> _Required work_
When a picture appears in the listing, leave it out and copy the rest exactly as it stands.

> _Provided data_

○ ○ ○

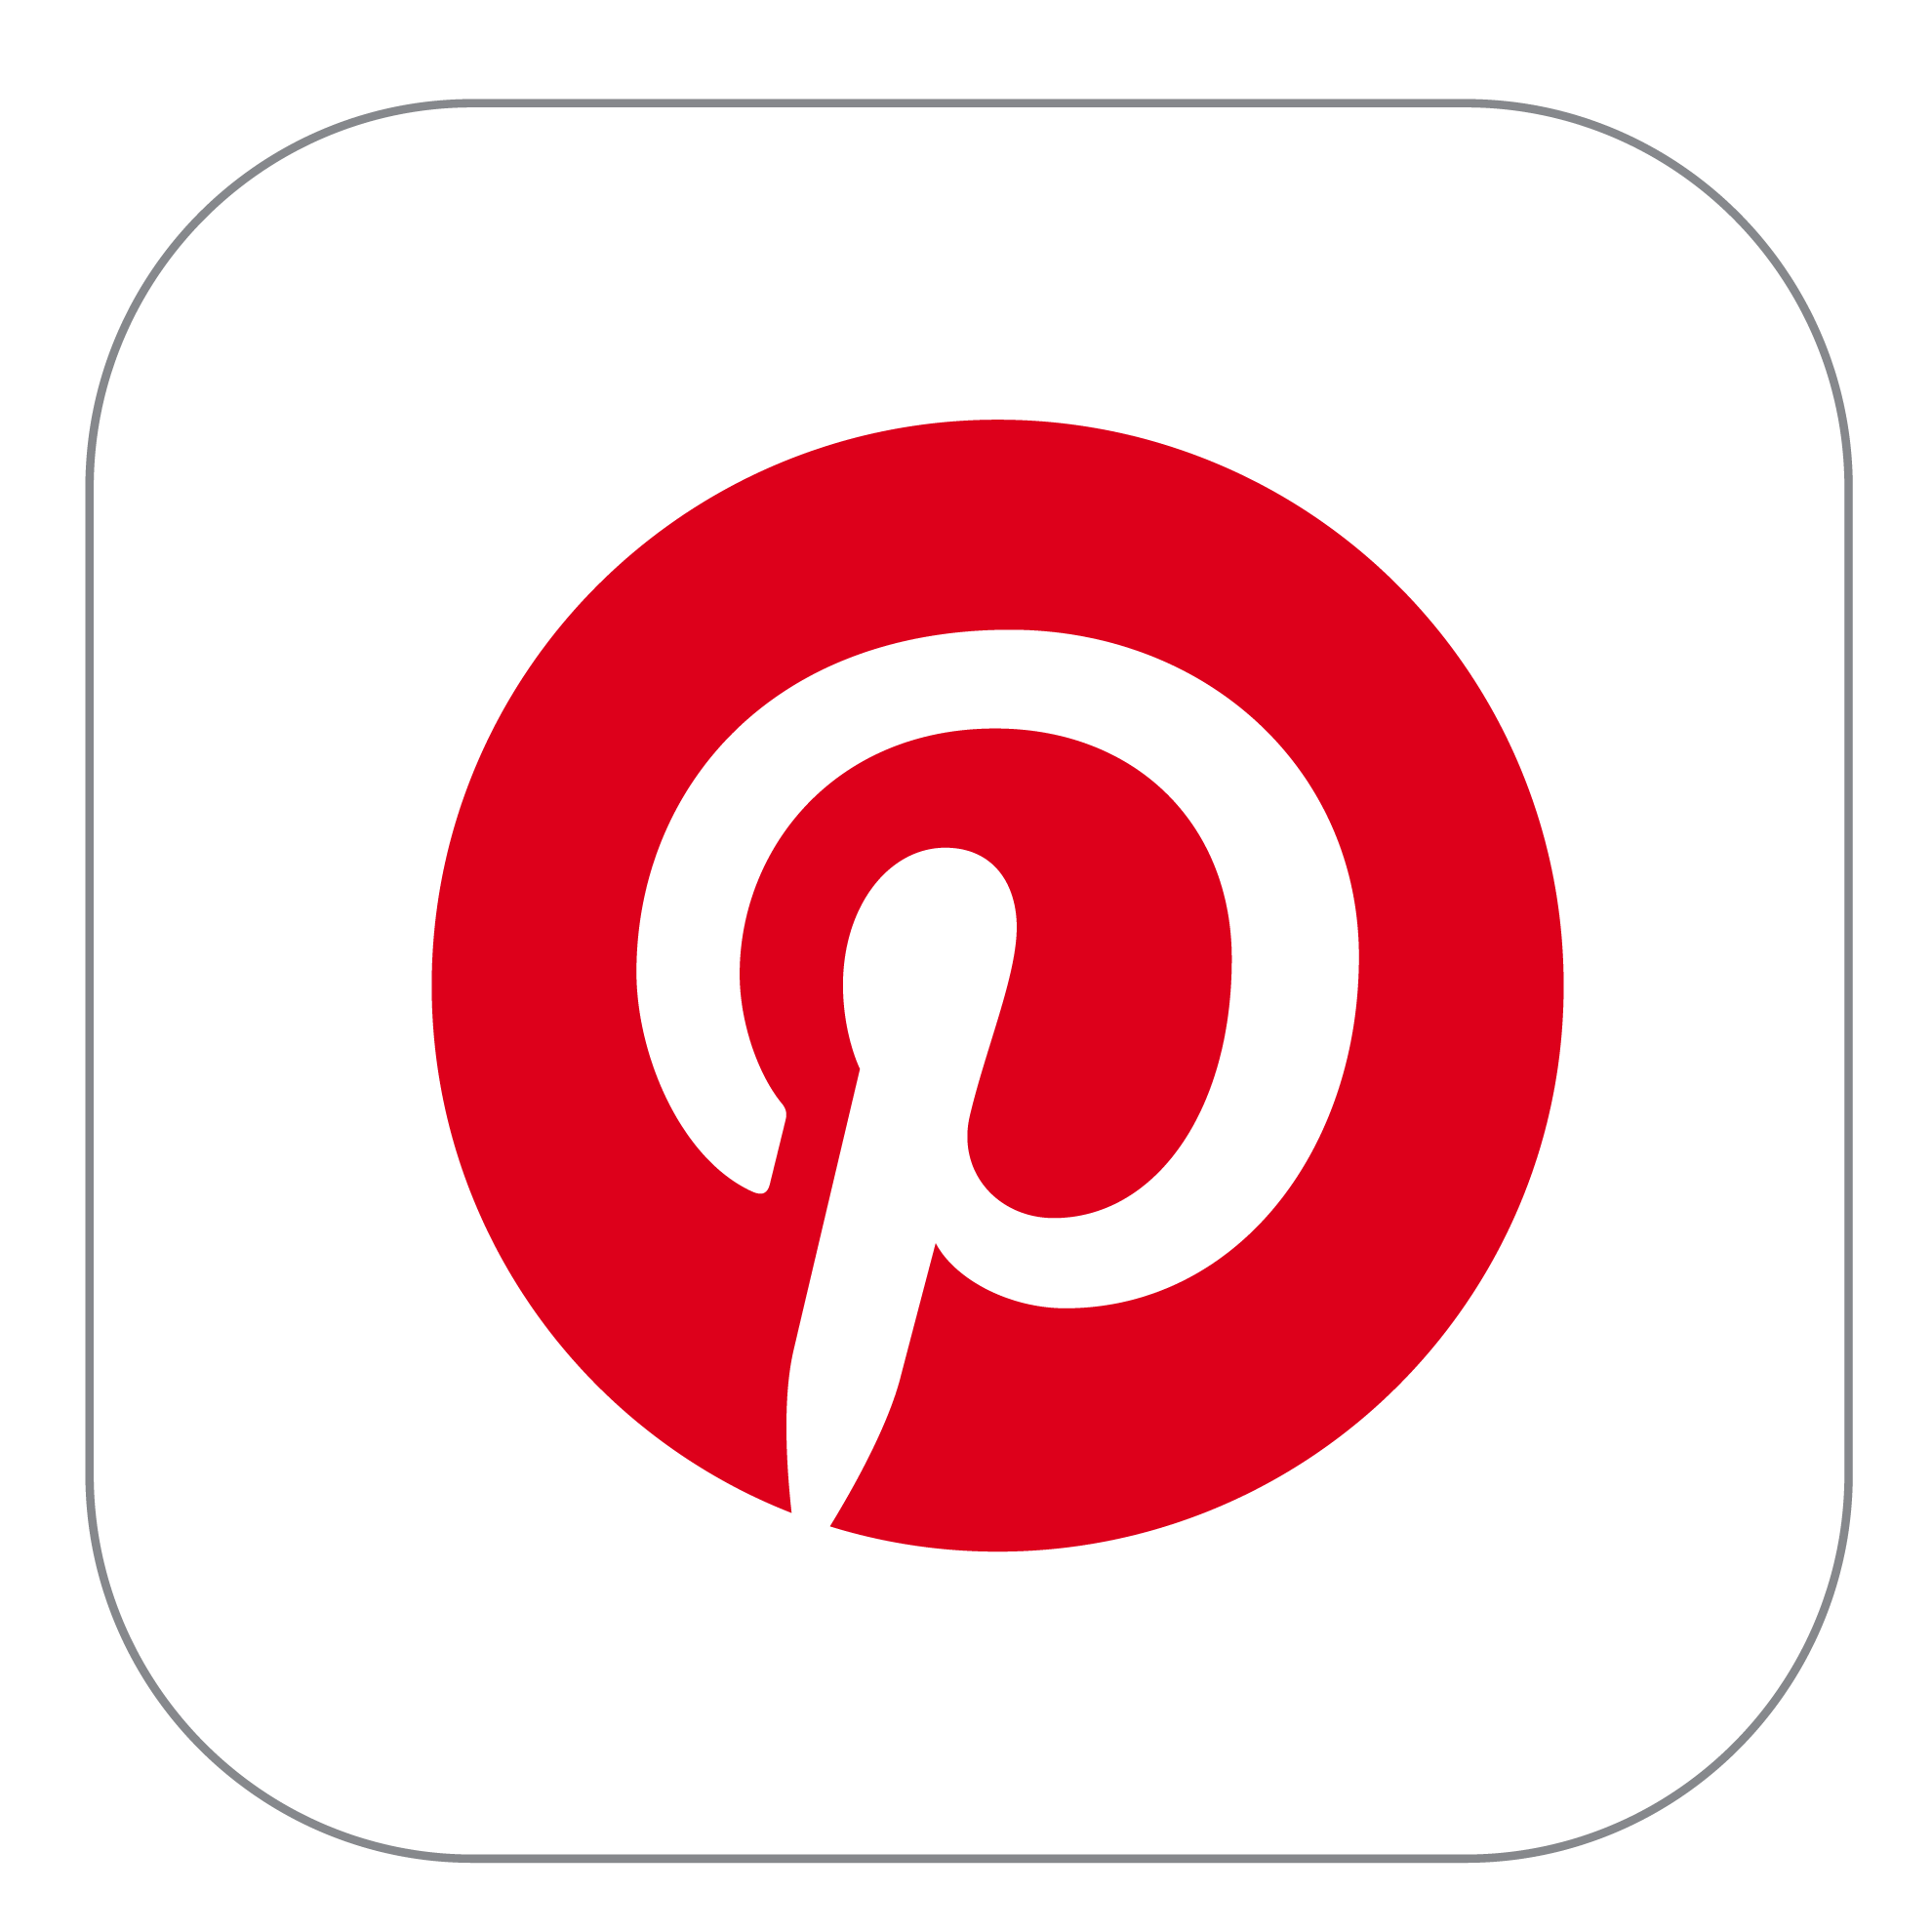 Logotipo Pinterest con tu recarga telefónica Movistar prepago ilimitado
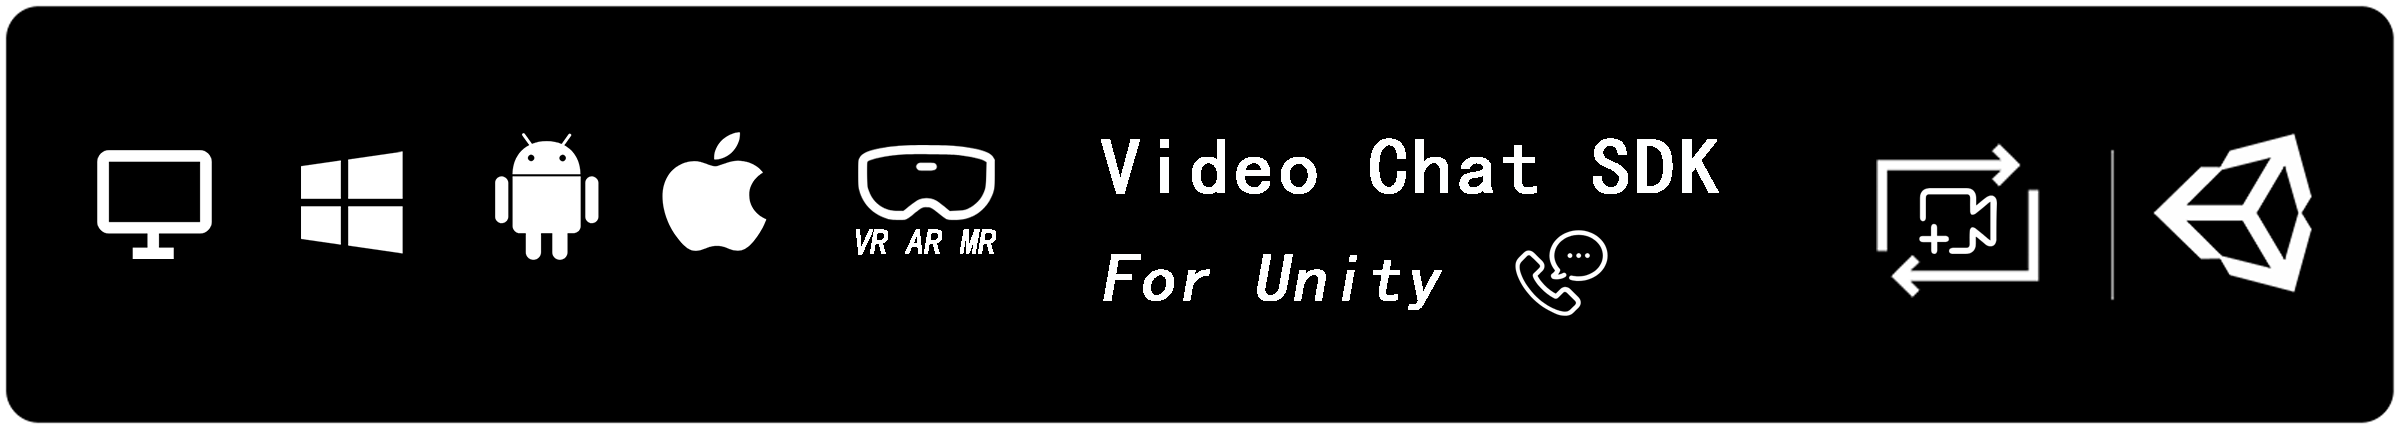 Unity Video Chat SDK
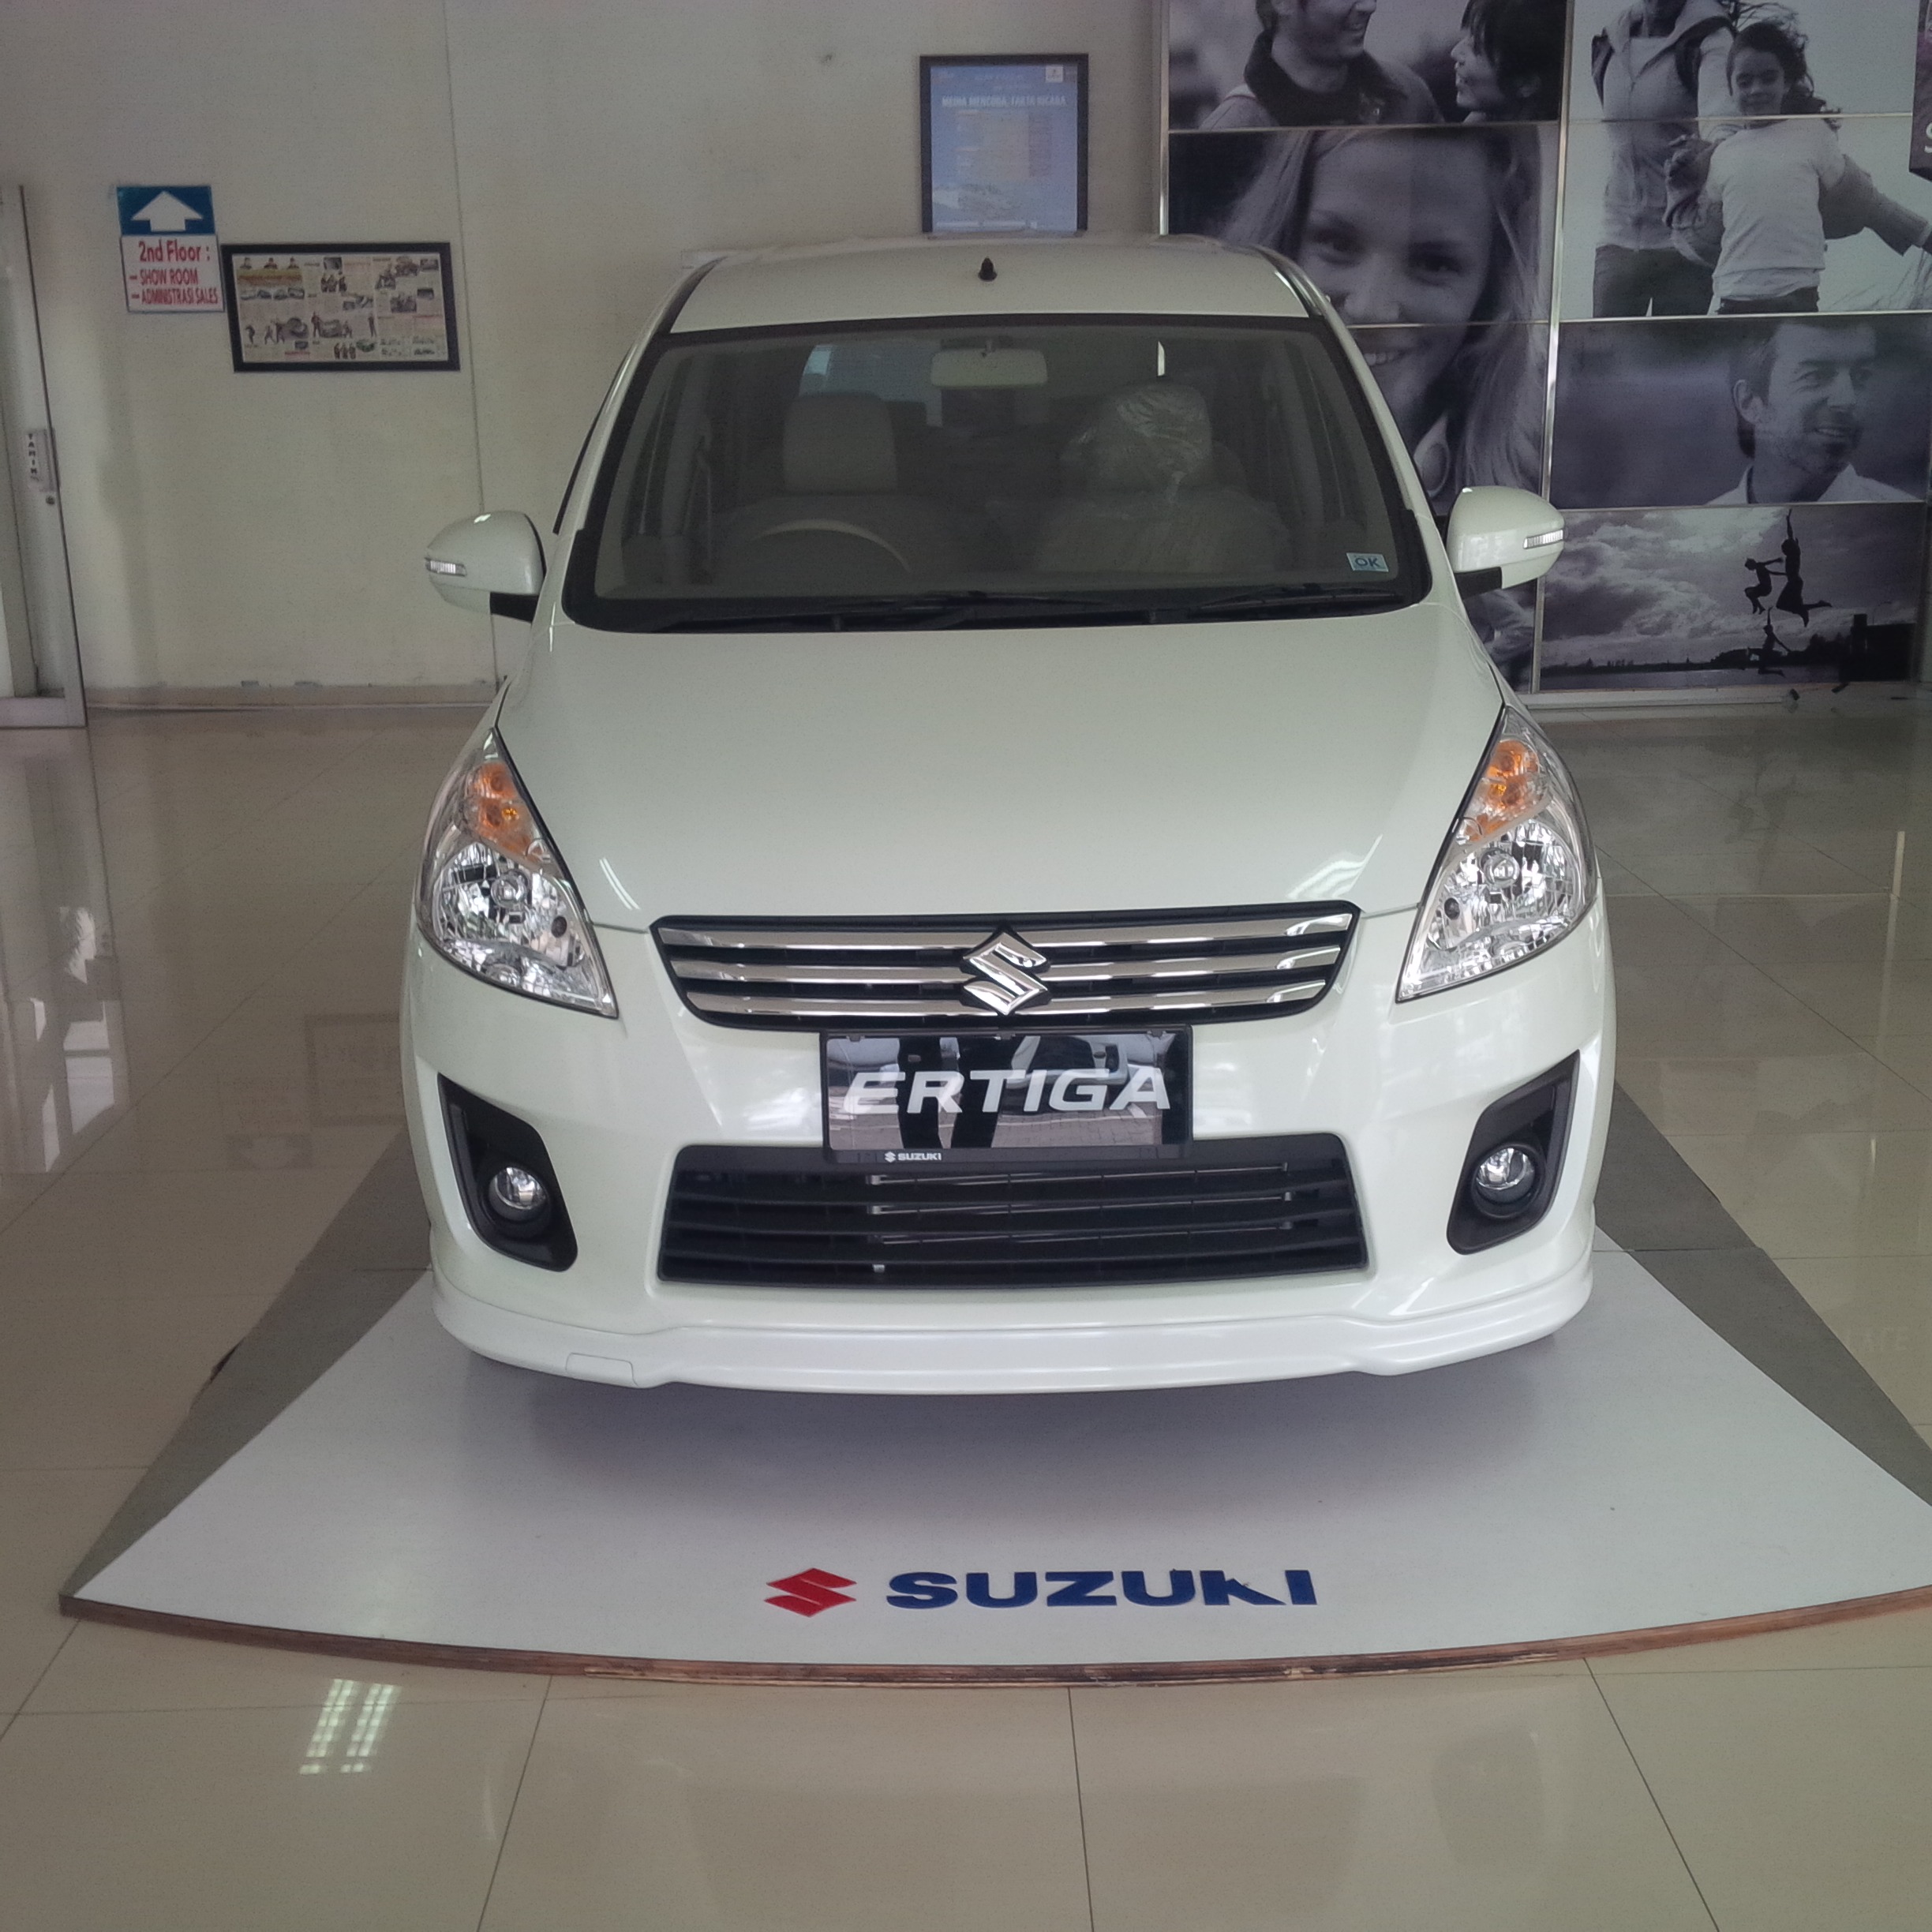 Suzuki Ertiga hd 2015
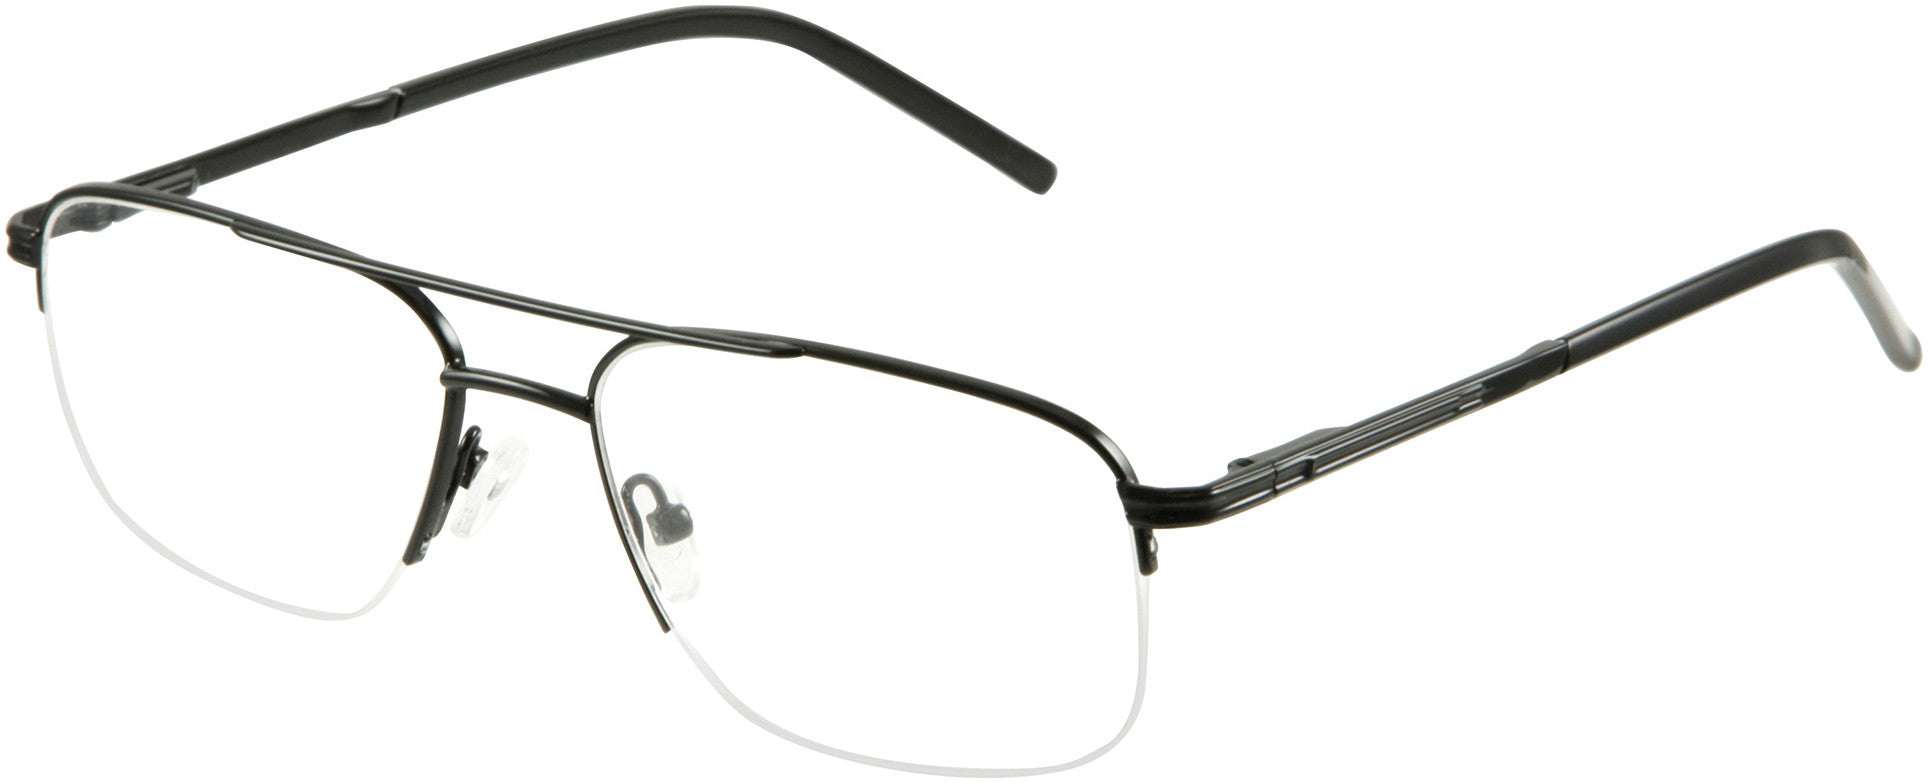 Viva VV0301 Eyeglasses B84-B84 - Black

○ ○ ○

> _Exercise solution_
 Logotipo Pinterest con tu recarga telefónica Movistar prepago ilimitado
 Unity Video Chat SDK
 Suzuki Ertiga hd 2015
 Viva VV0301 Eyeglasses B84-B84 - Black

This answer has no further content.